» Data segment
+++

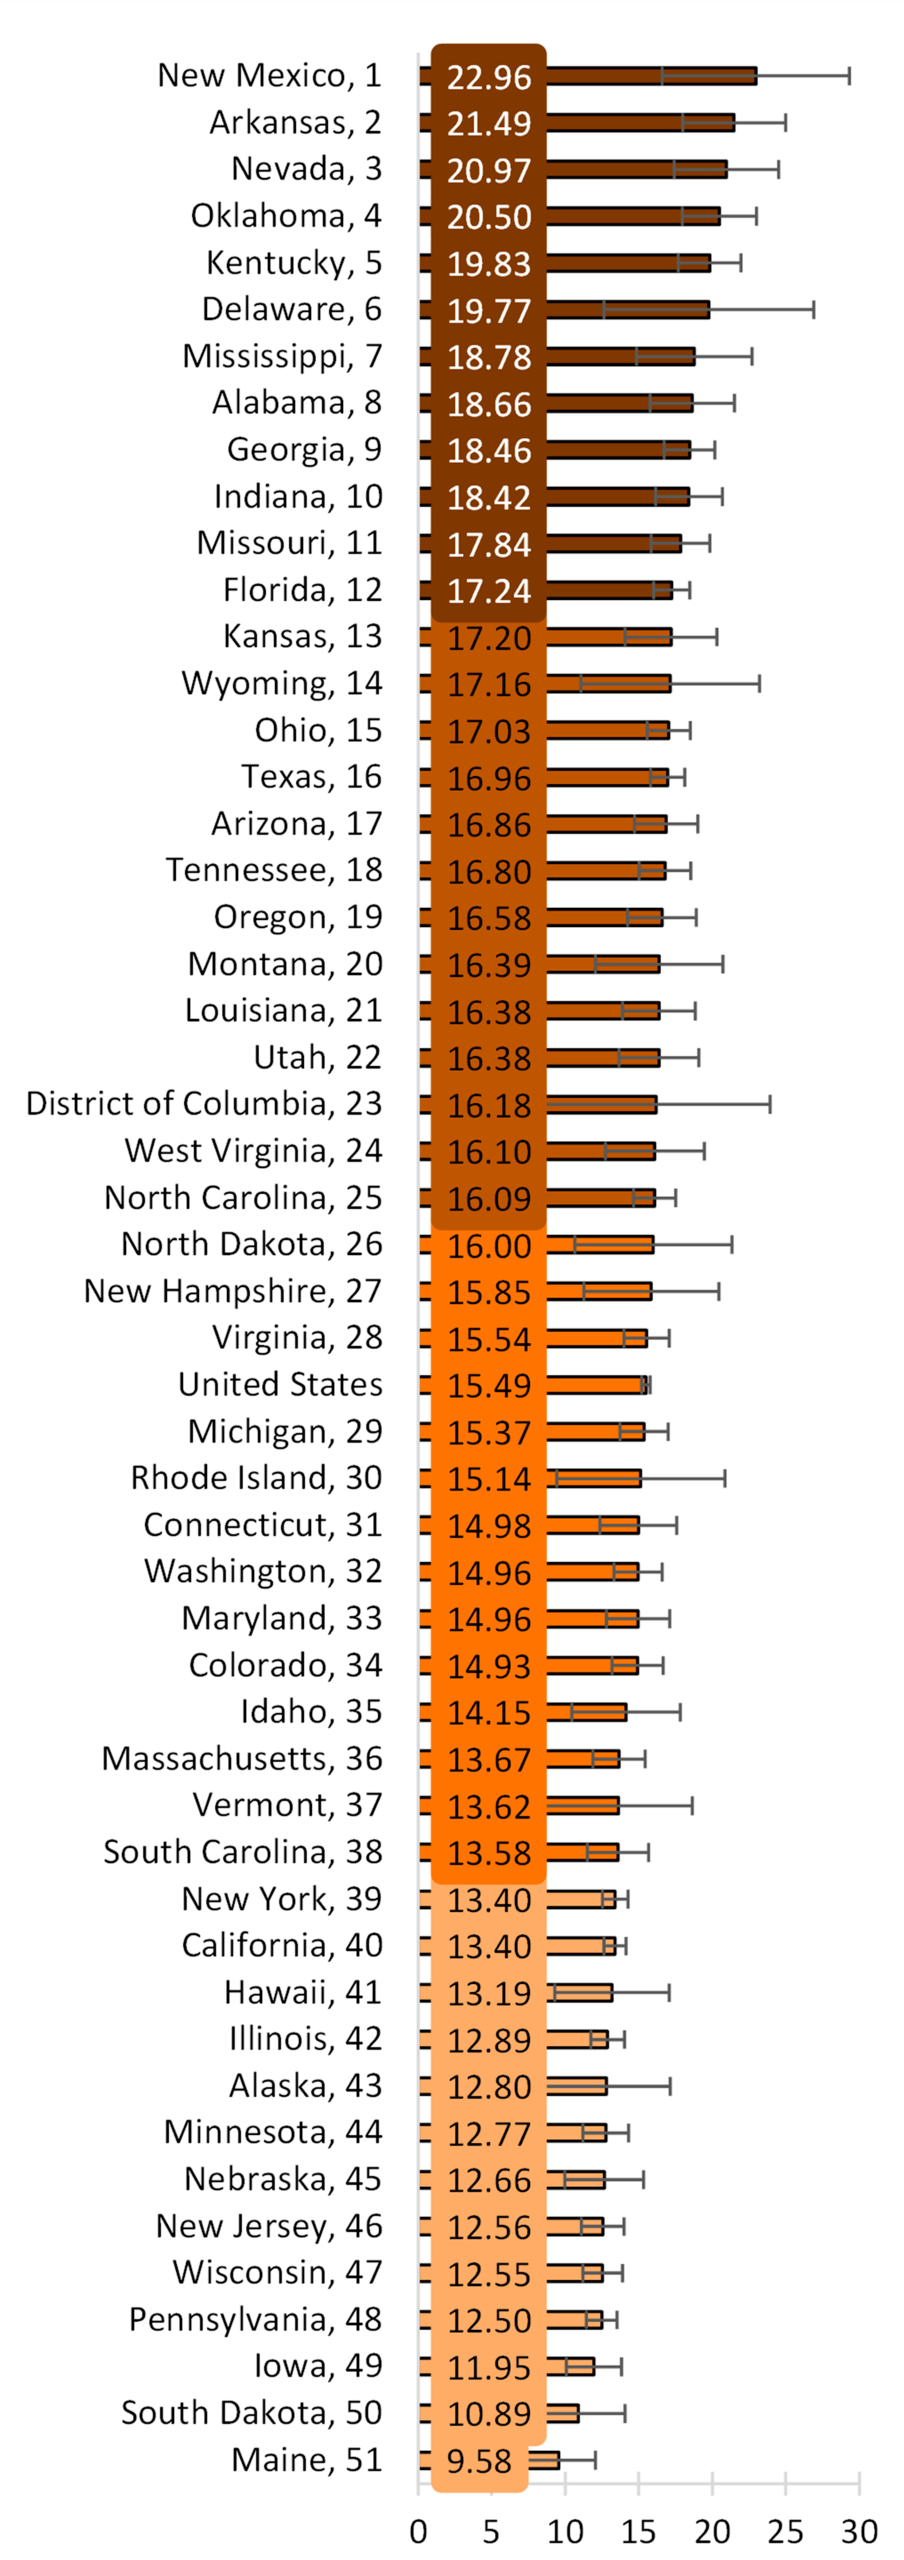 shades of orange table showing state variation in adjusted divorce rate per 1k unmarried women aged 15+
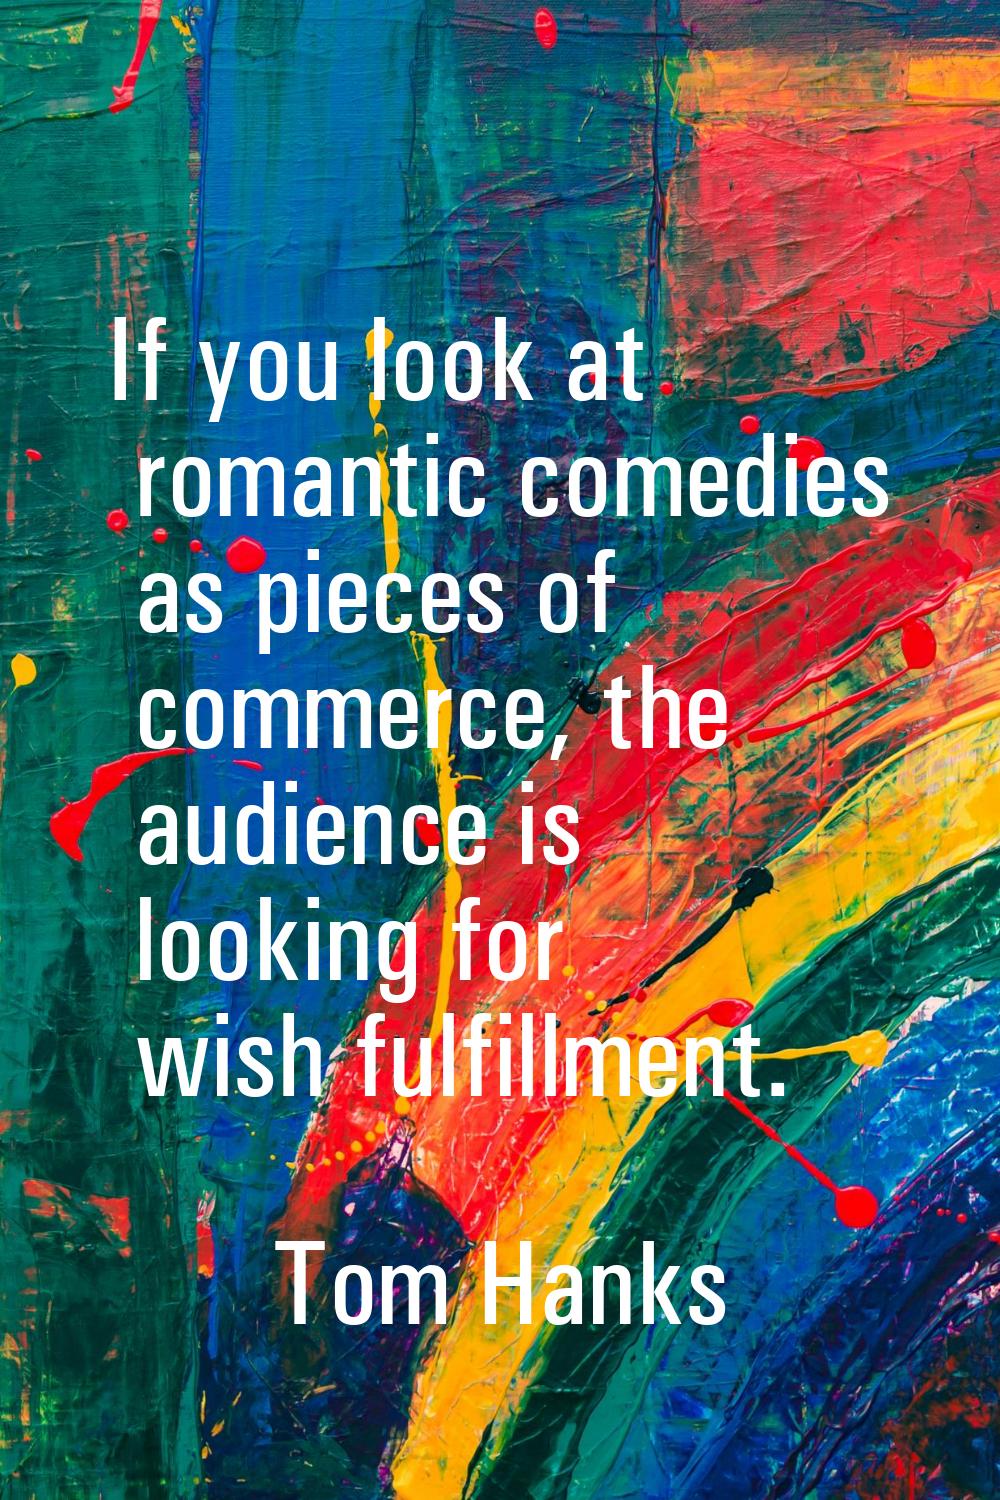 If you look at romantic comedies as pieces of commerce, the audience is looking for wish fulfillmen
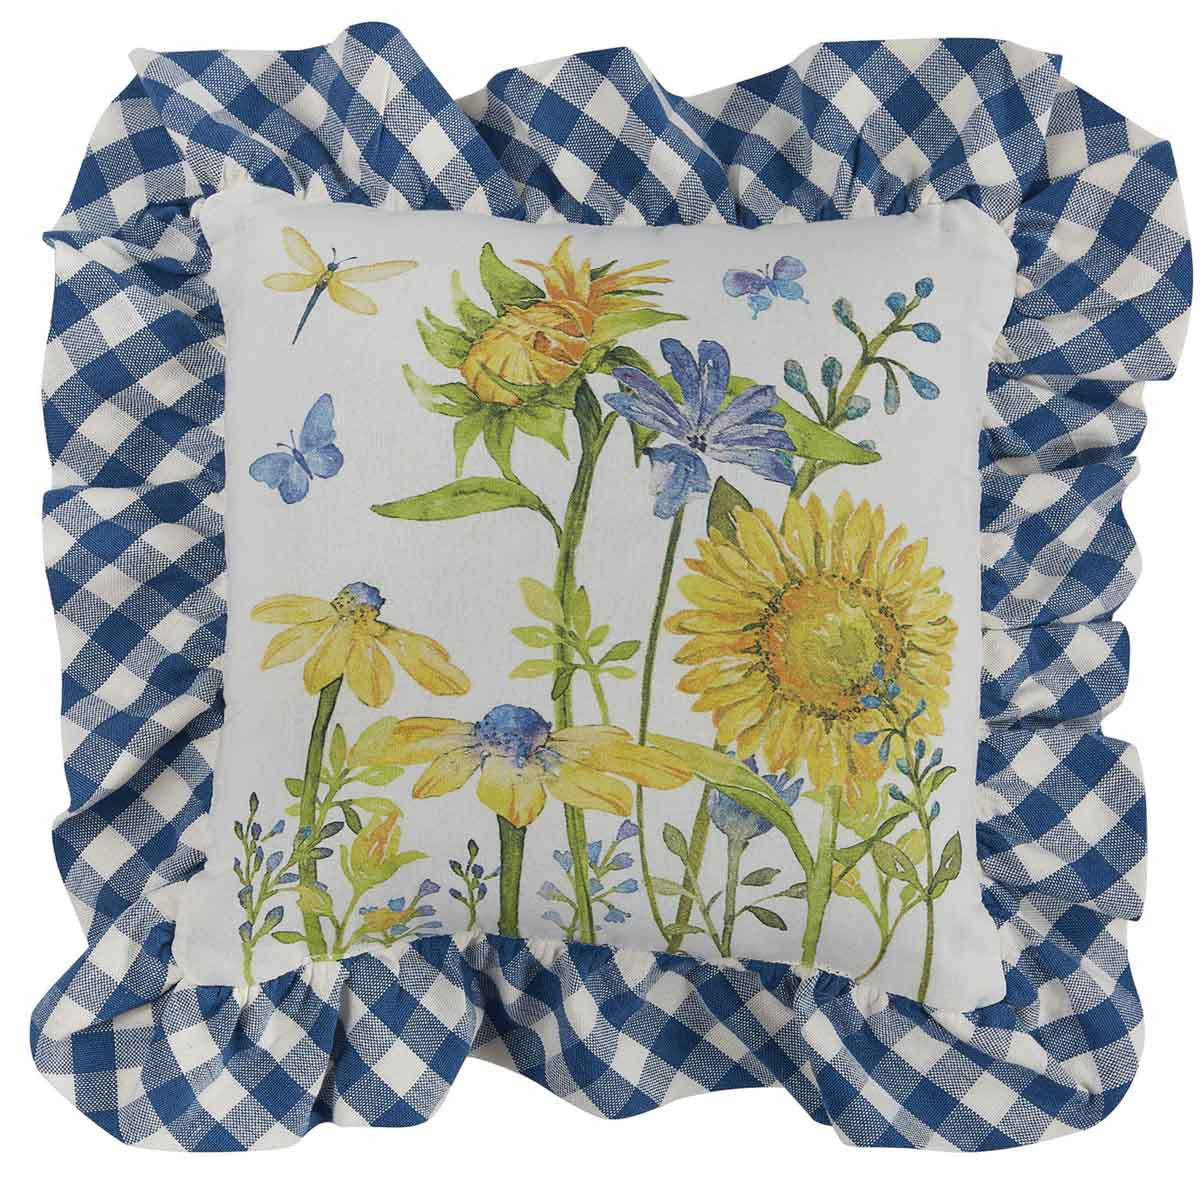 Sunny Day Pillow - 10" Park Designs

+++

Return the data exactly. Do not carry over any images.

» Answer box
 shades of orange table showing state variation in adjusted divorce rate per 1k unmarried women aged 15+
 If you look at romantic comedies as pieces of commerce, the audience is looking for wish fulfillmen
 Sunny Day Pillow - 10" Park Designs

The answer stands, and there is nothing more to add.